Natural climate disasters and extreme climate and weather events have caused great impacts and loses to human society and the ecological environment with global warming. Extreme climate and weather events usually are researched with extreme theory. Extreme theory is an important branch of probability theory and has had extensive application, mainly to study random samples or probability of extreme values and statistical inference in stochastic processes. While extreme value events (EVE) are very important, an equally important issue is the near-extreme value events(NEVE), i.e., how many events occur with their values near the extreme? In other words, the issue is whether the global maximum (or minimum) value is very far from others (is it lonely at the top?), or whether there are many other events whose values are close to the maximum value. These questions are talking about the near-extreme events(NEVE).

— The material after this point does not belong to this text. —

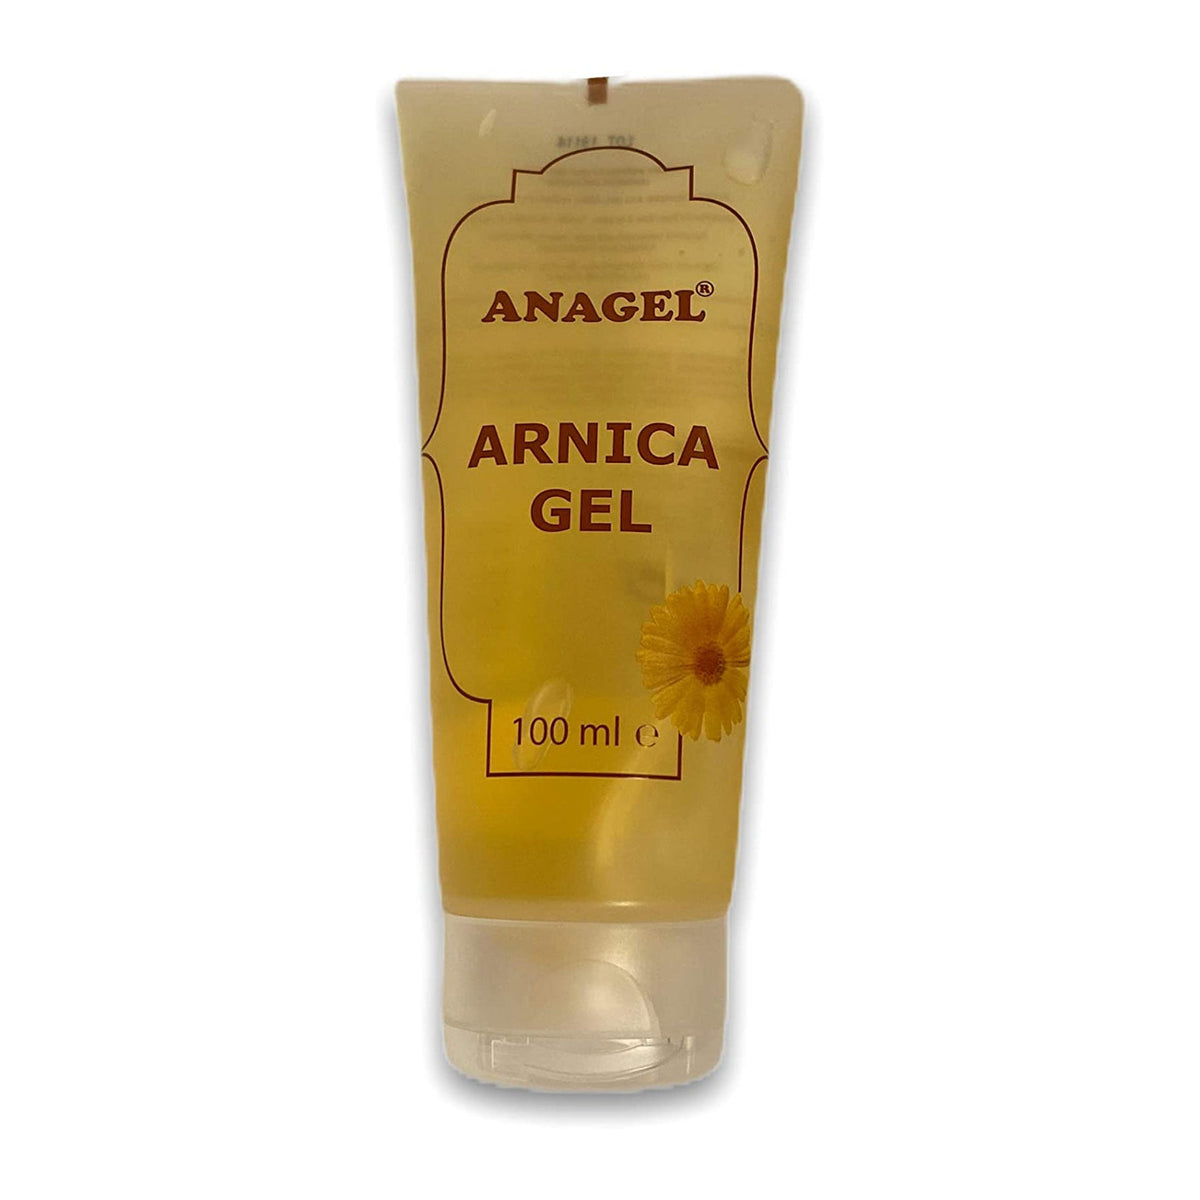 Arnica Gel 100ml - ANAGEL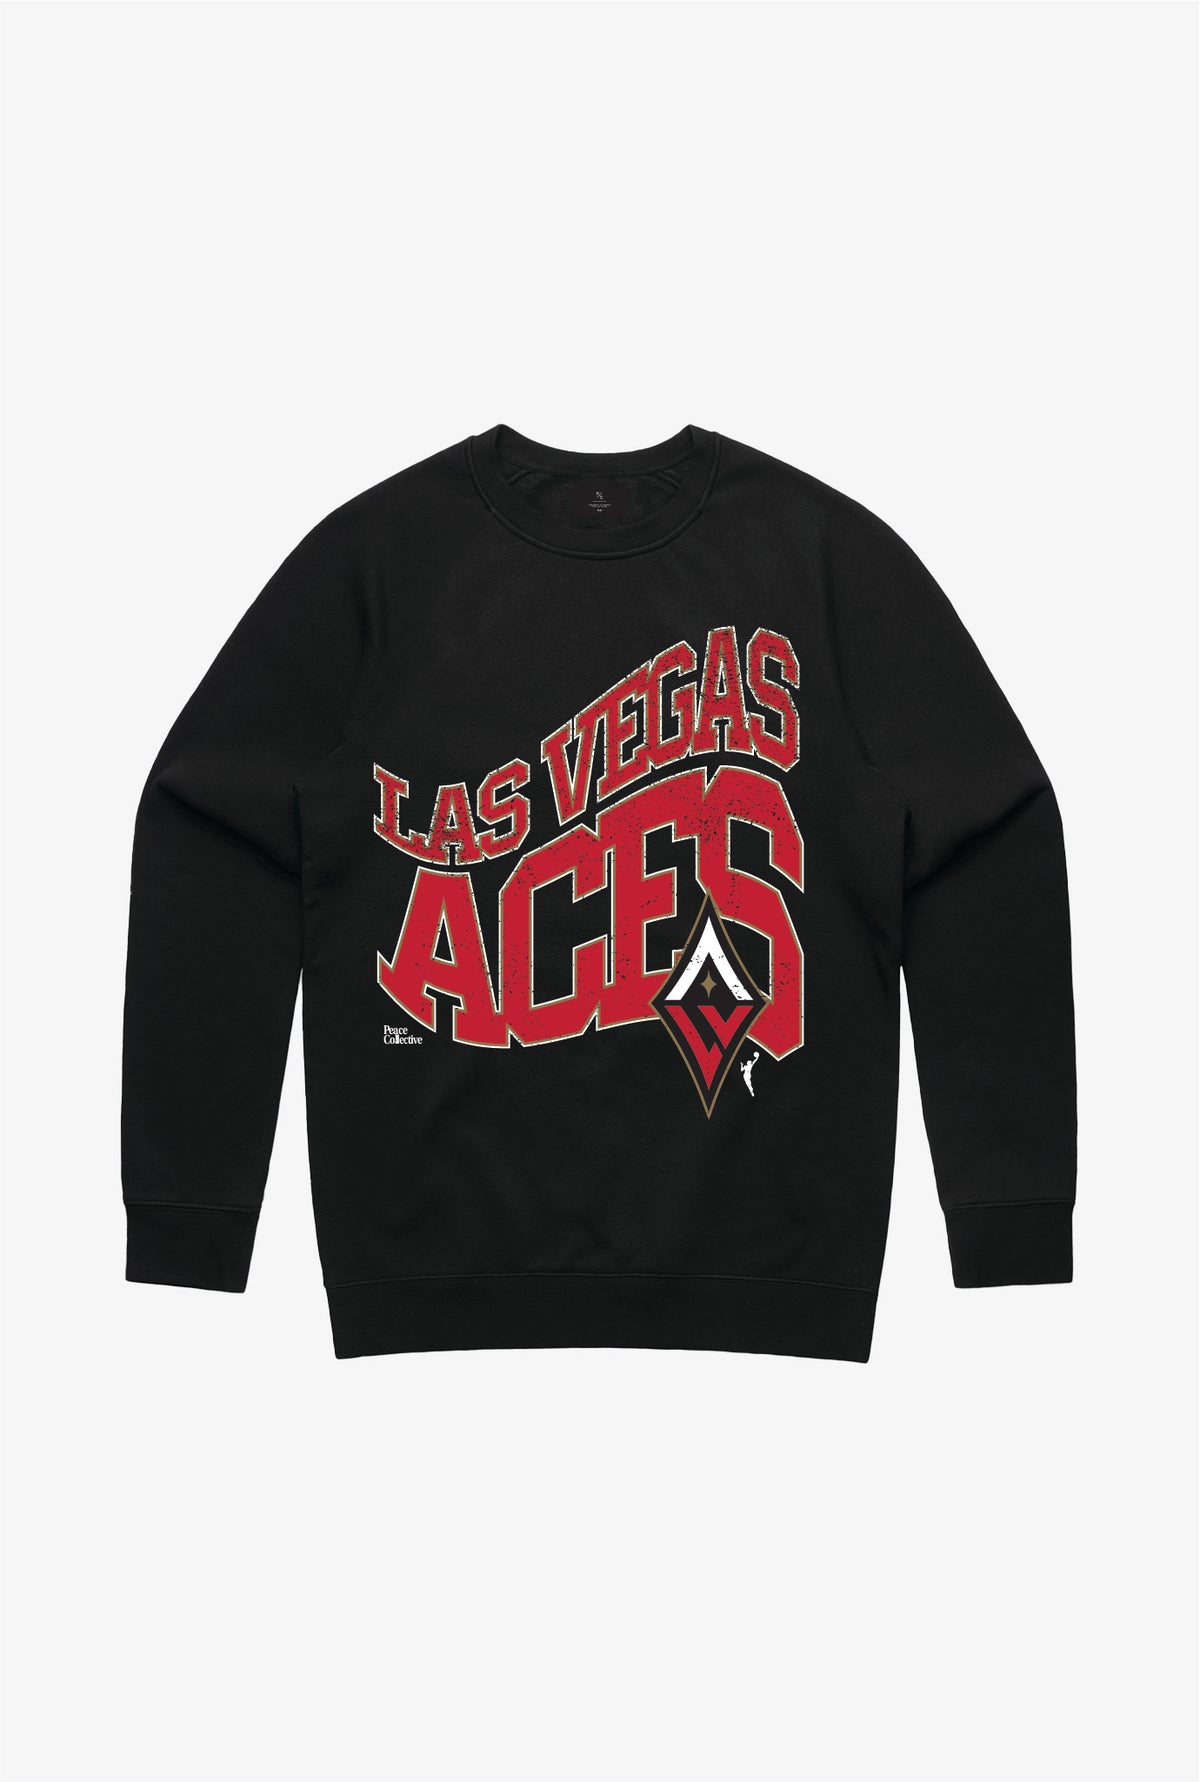 Las Vegas Aces Crewneck - Black

The estimation of generalized state density of near-extreme events is a combination of the near-extreme events theory and the density of states, which provides a method to quantitatively research NEVE. Based on the estimated approximate function of the mean-generalized density of states, parameters in the generalized state density of near-extreme events were constructed on the daily maximum temperature records for 1961- 2013 in China. The maximum probability density of occurrence, which presents the maximum crowding degree of near-extreme events is defined as CDNEE. The corresponding difference between extreme value and near-extreme value of CDNEE is defined as the most probable intensity of near-extreme events (INEE), which indicates when the difference between near-extreme events and extreme events is INEE, the probability of occurrence is maximum. CDNEE and INEE have significant physical meanings for practical application.
Results/Conclusions
The spatial distribution of near-extreme high temperature events in China is analyzed, which shows significant regional variation in characteristics. The generalized state density of near-extreme events has a good warning effect on extreme high temperature events. In summer, extreme high temperature events happen in parts of of Northwest, Southwest and Southern China, when INEE is [1,2.6] ℃. These regions should be given more attention. CDNEE and INEE can be regarded as warning information about extreme heat wave events. How can near-extreme event crowding properties be used as a warning index? What are the possible connections between changes in near-extreme events and global warming? These questions deserve further research.